Task objective:
What you should give back is a precise copy of the lines below from the one containing "Kenwood KE-205 Owner's Manual" through the one containing "PUMA Royalcat Comfort", with no pictures.

Data for analysis:
┌──
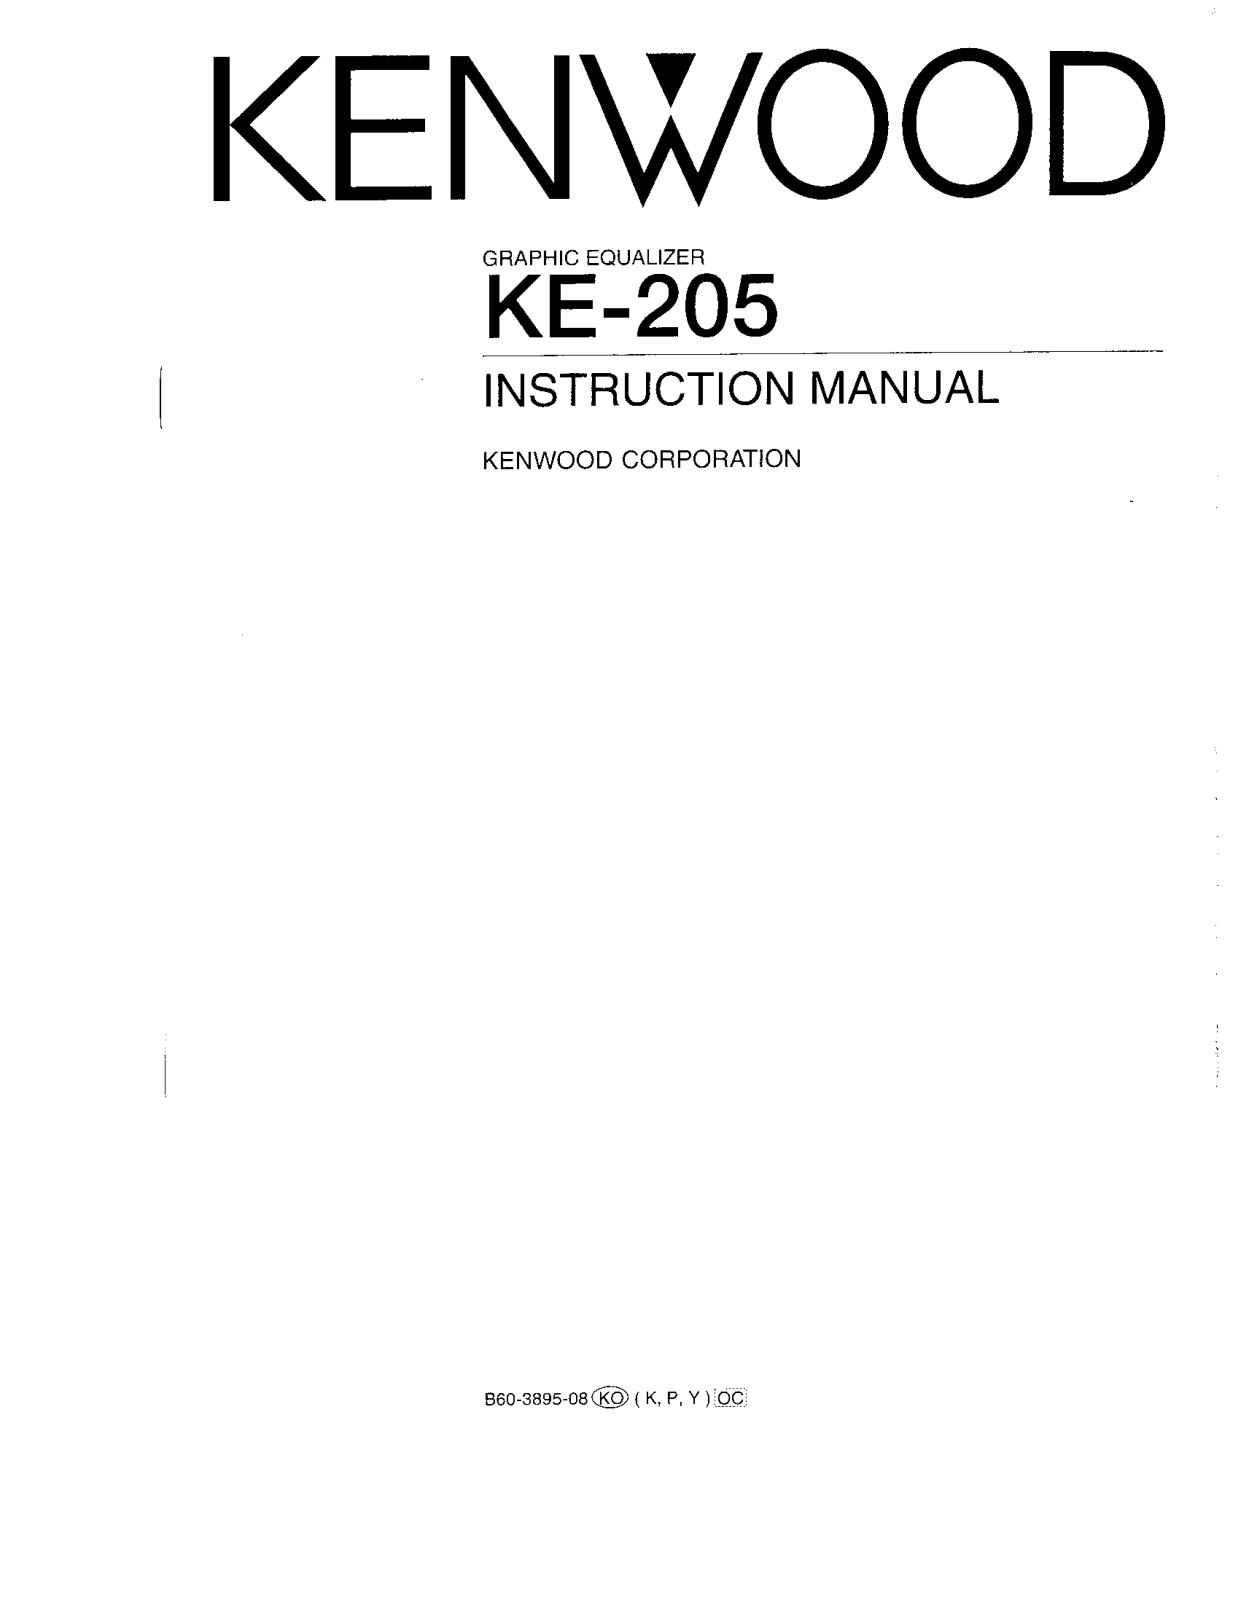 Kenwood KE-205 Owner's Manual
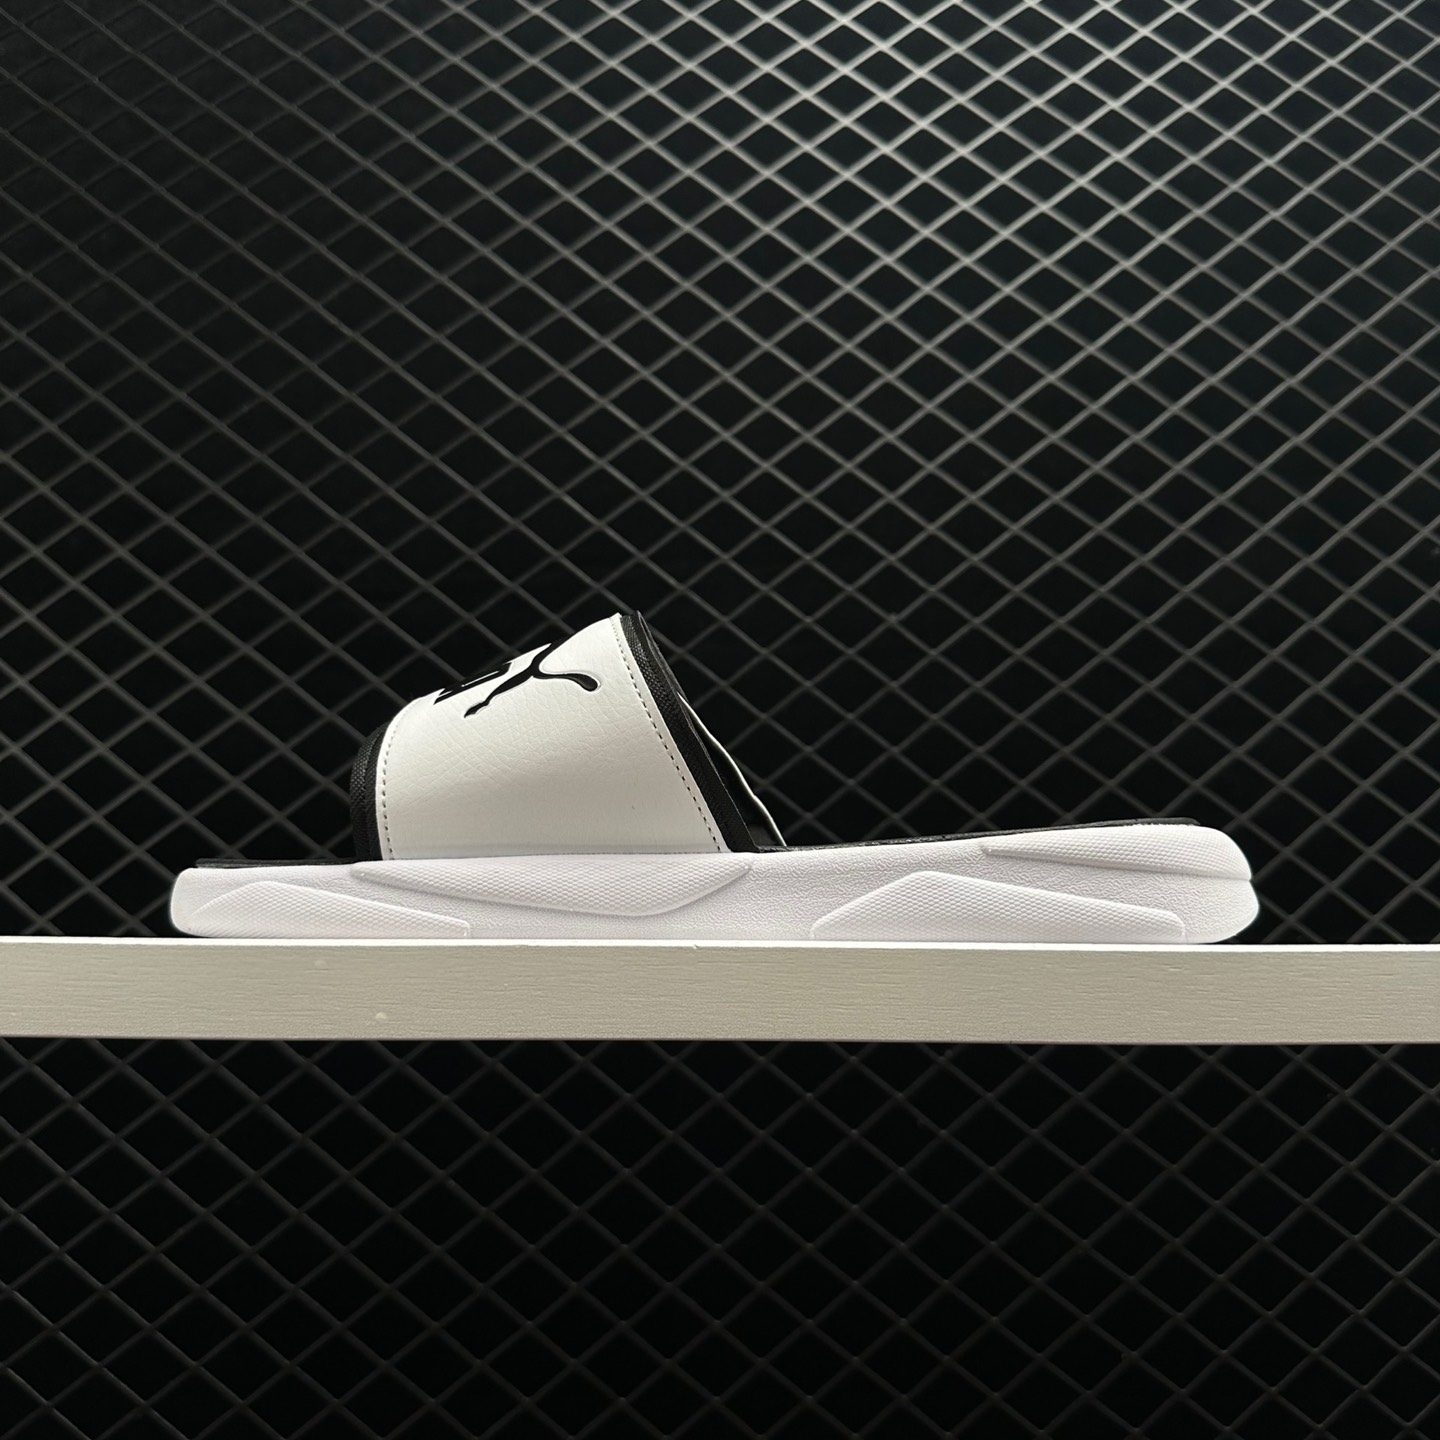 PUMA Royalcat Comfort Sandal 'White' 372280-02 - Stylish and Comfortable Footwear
└──
┌──
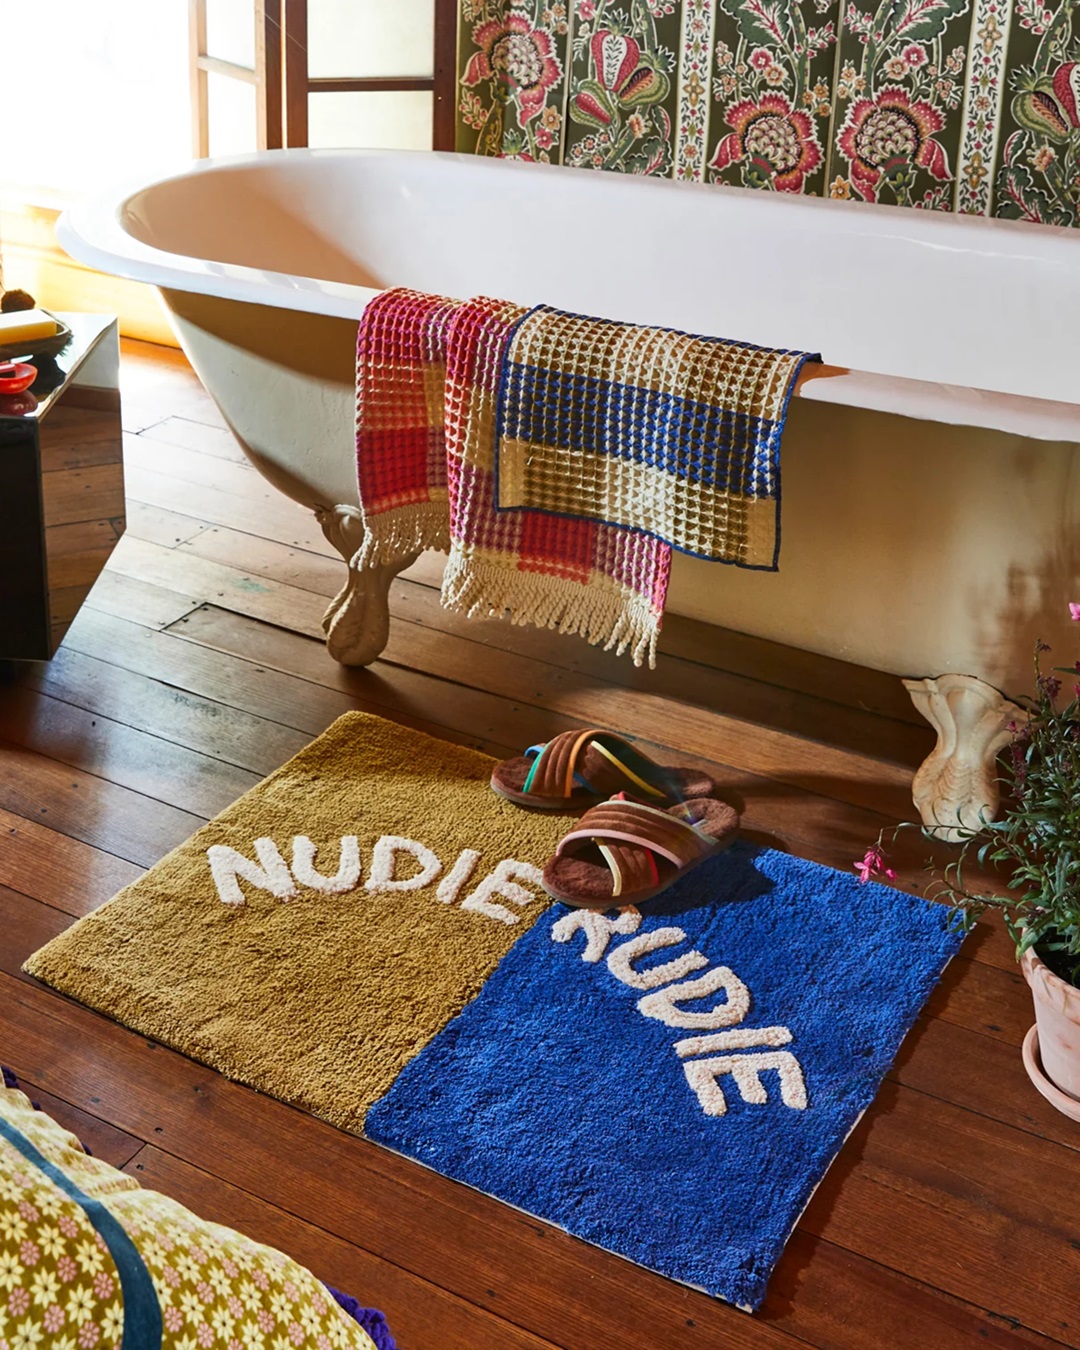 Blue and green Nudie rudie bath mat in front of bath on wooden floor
└──
┌──
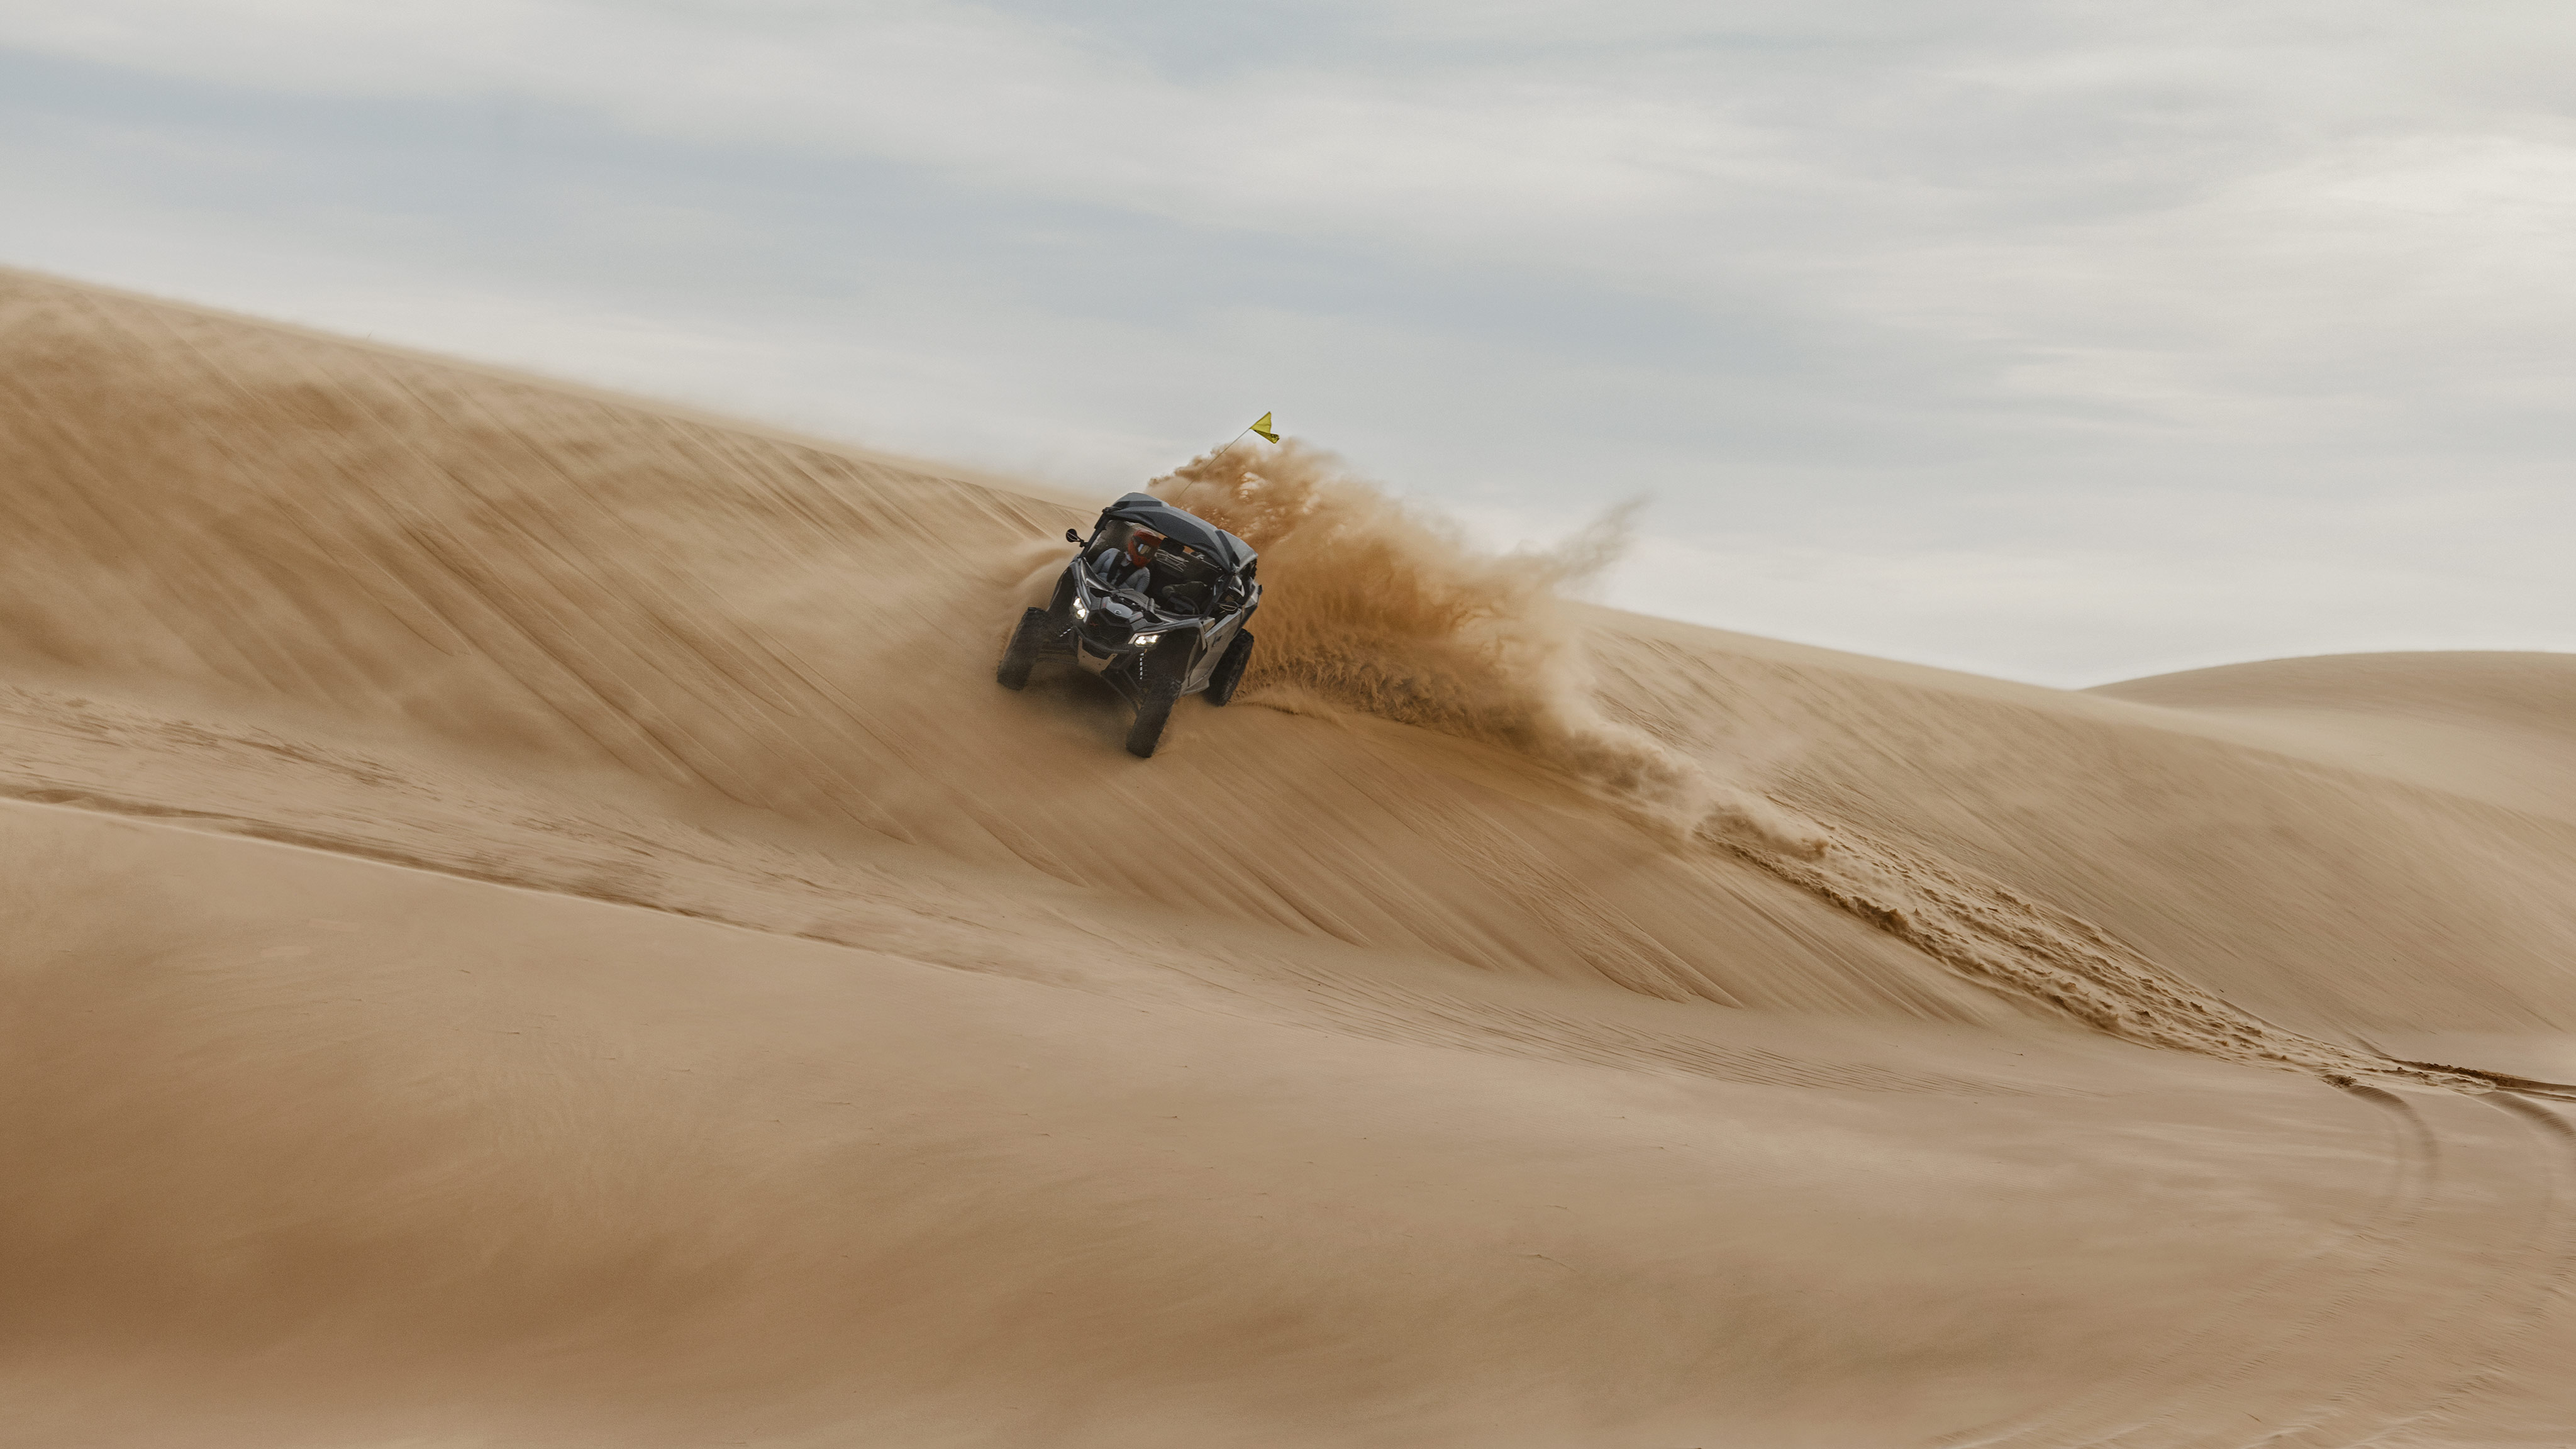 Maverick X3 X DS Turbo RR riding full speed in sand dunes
└──
The completed task:
 Kenwood KE-205 Owner's Manual
 PUMA Royalcat Comfort Sandal 'White' 372280-02 - Stylish and Comfortable Footwear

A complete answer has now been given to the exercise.